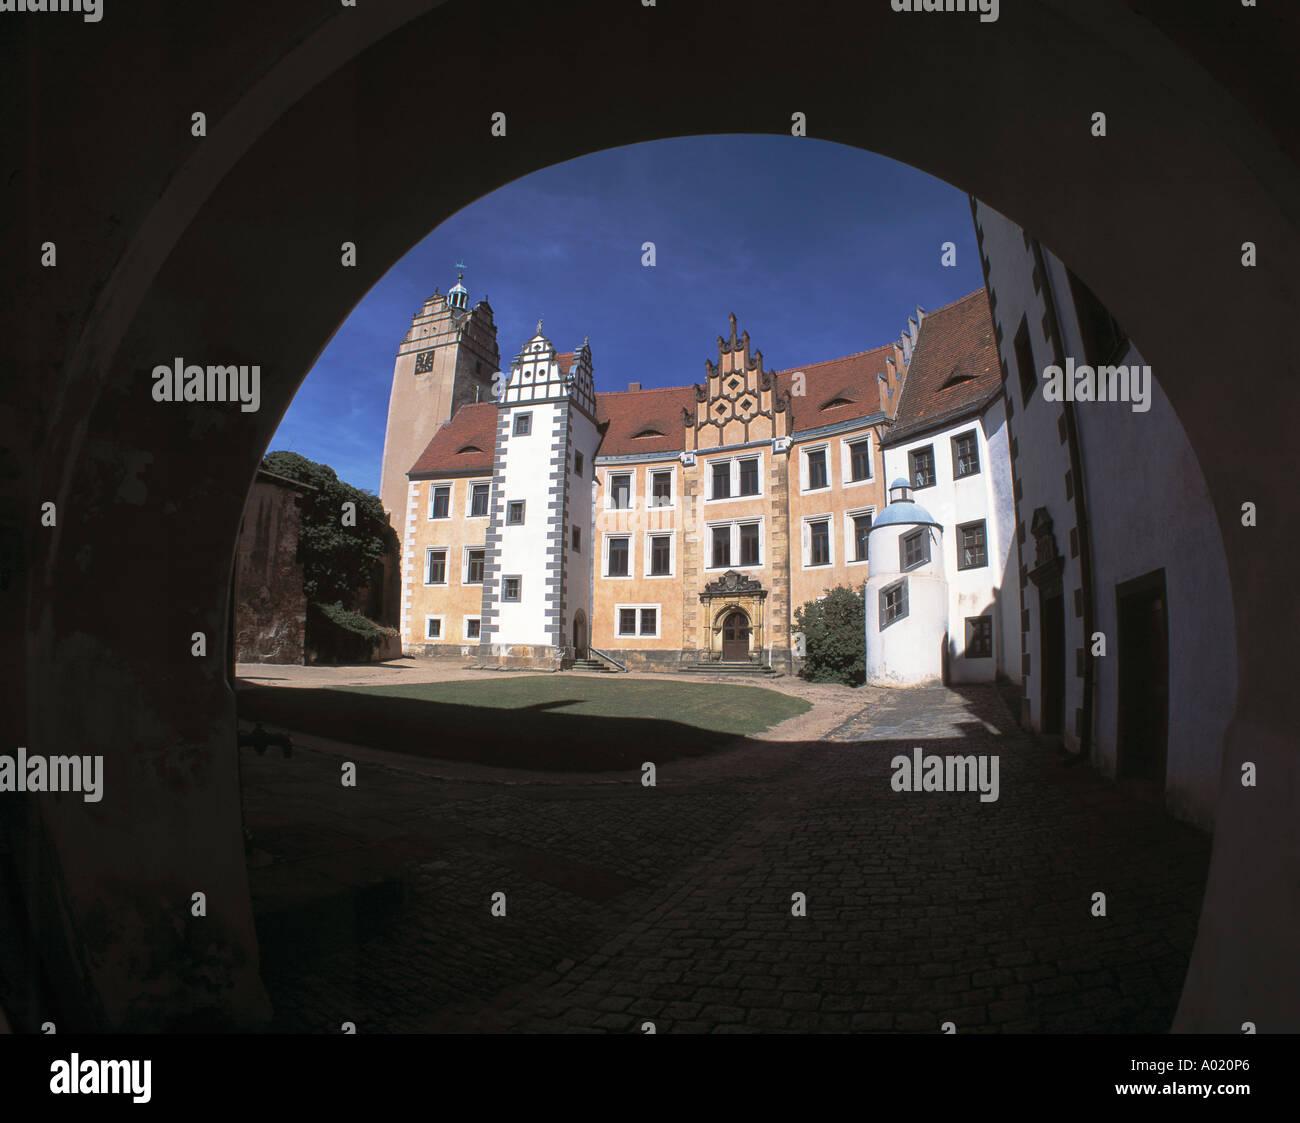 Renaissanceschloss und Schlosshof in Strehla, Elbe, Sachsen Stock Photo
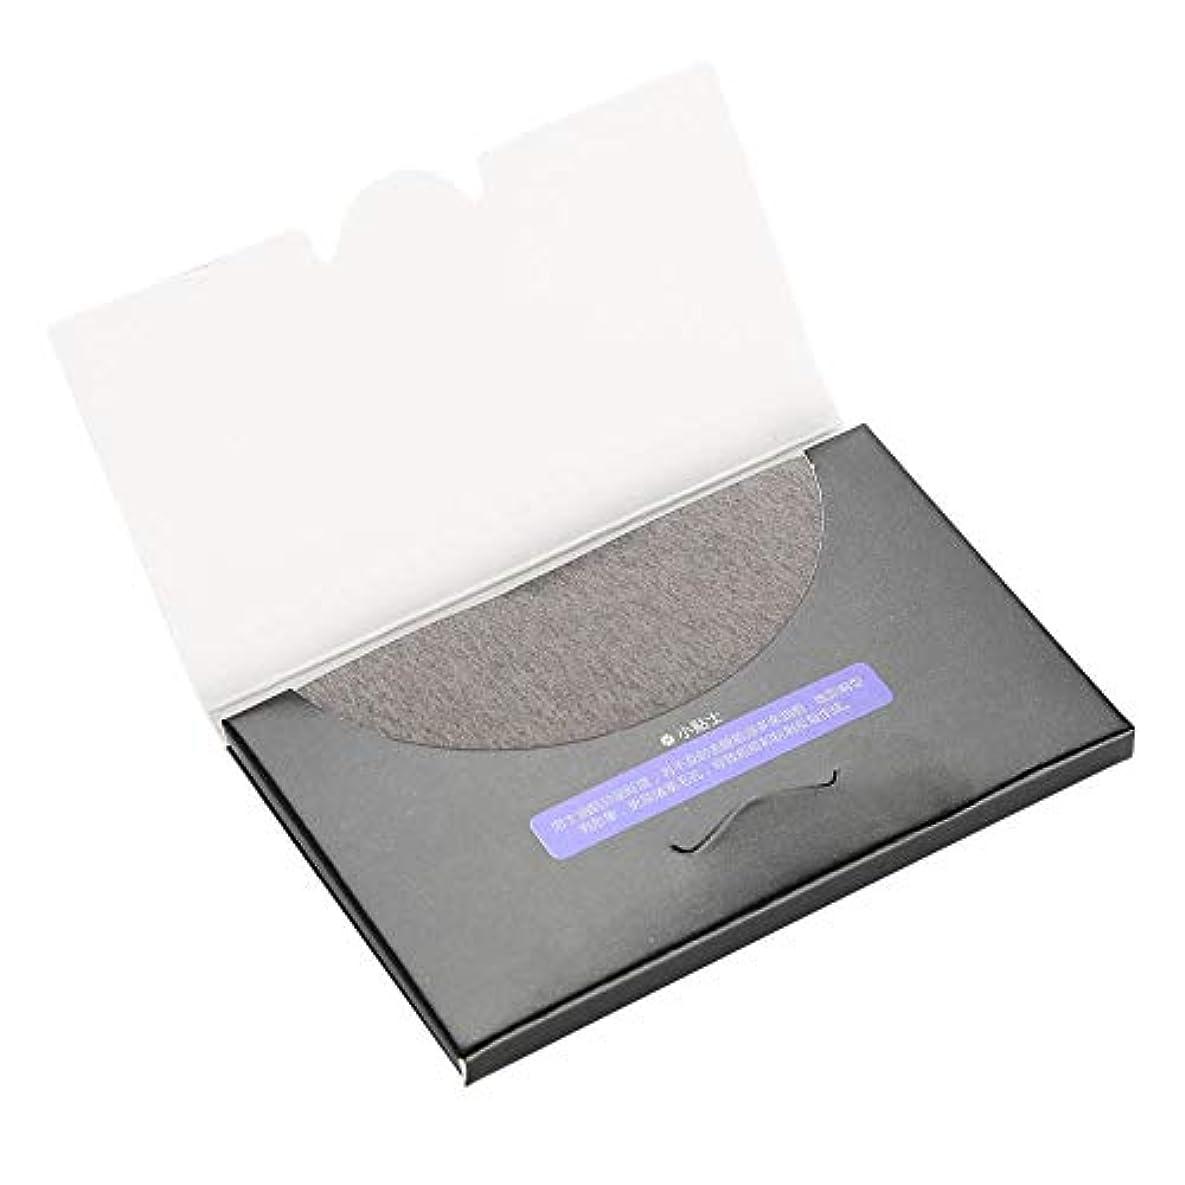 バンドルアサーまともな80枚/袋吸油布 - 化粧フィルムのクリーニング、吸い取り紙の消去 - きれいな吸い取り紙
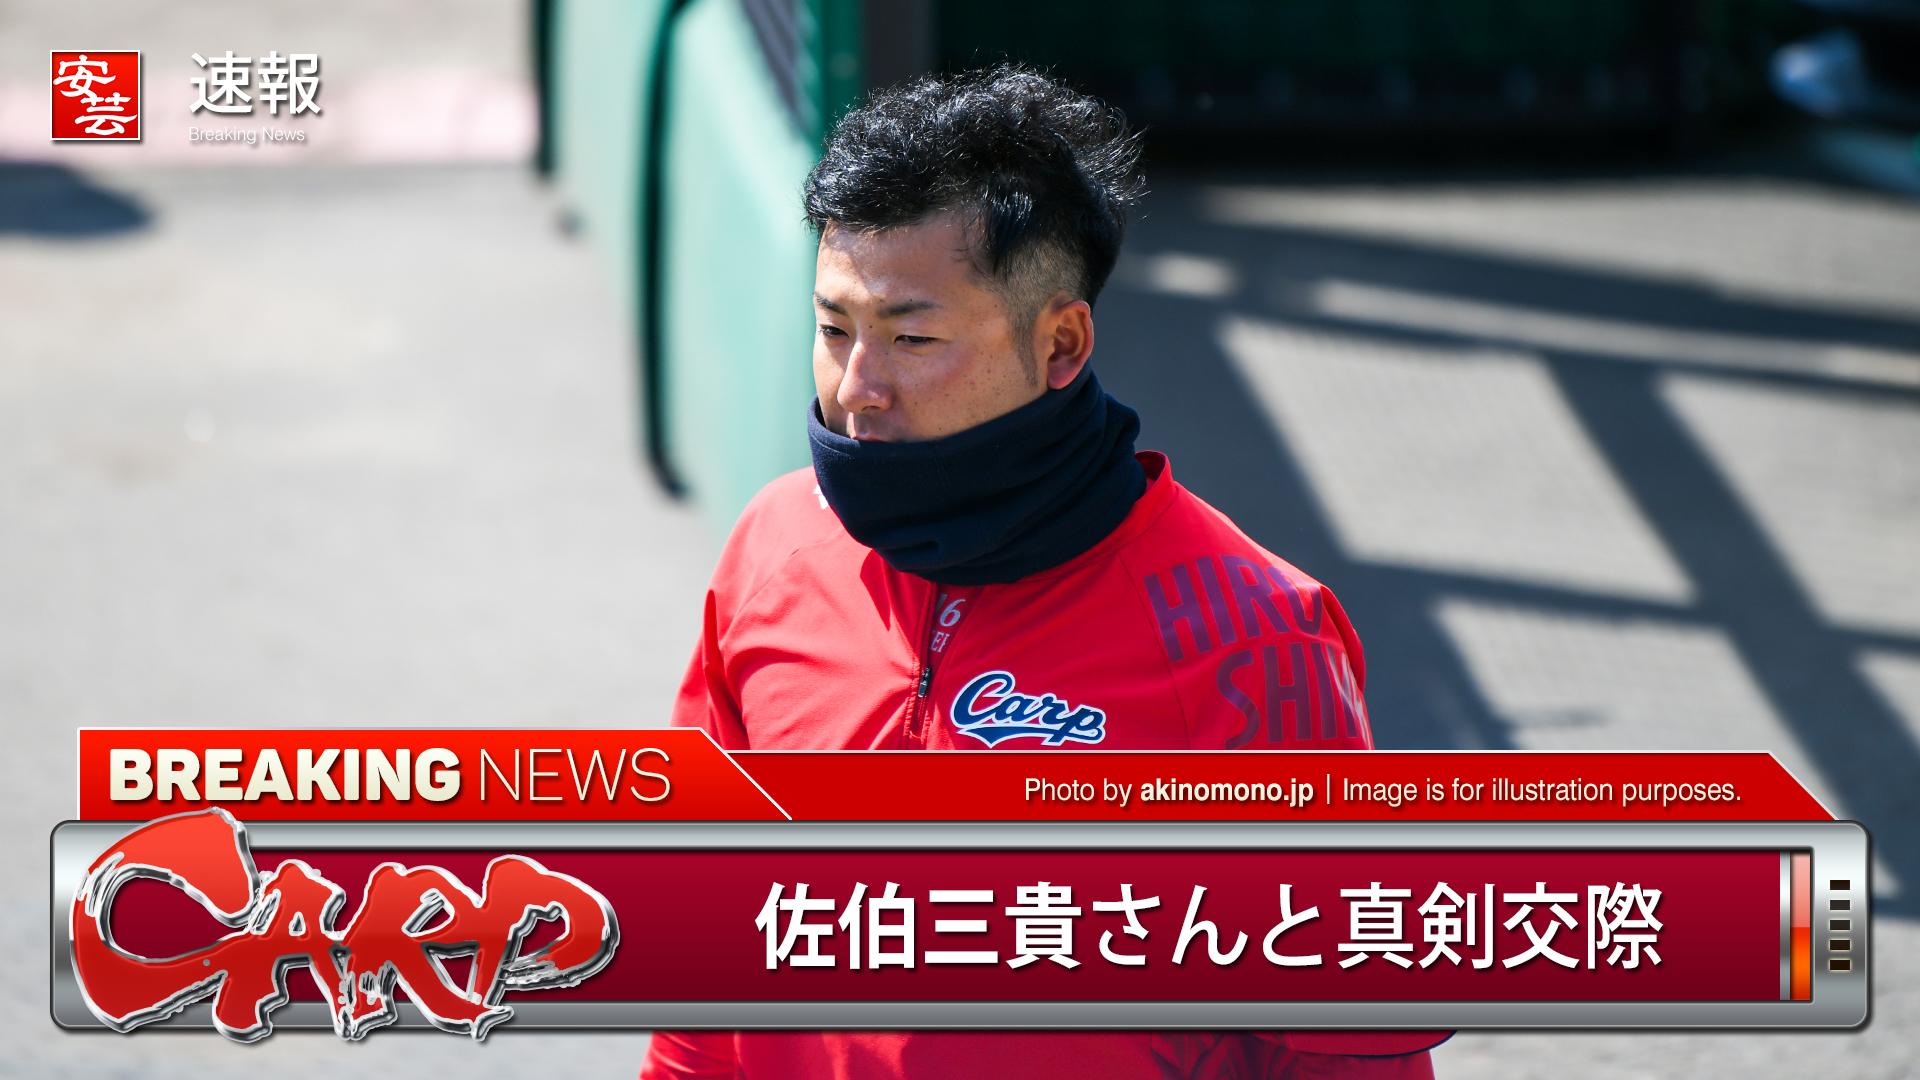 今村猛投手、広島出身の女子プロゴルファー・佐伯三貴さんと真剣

■ ■ ■

EXERCISE REQUIREMENTS: Write out each line of the data exactly; the images should be left out.

YOUR SOLUTION:
 Renaissanceschloss und Schlosshof in Strehla, Elbe, Sachsen Stock Photo
 バンドルアサーまともな80枚/袋吸油布 - 化粧フィルムのクリーニング、吸い取り紙の消去 - きれいな吸い取り紙
 今村猛投手、広島出身の女子プロゴルファー・佐伯三貴さんと真剣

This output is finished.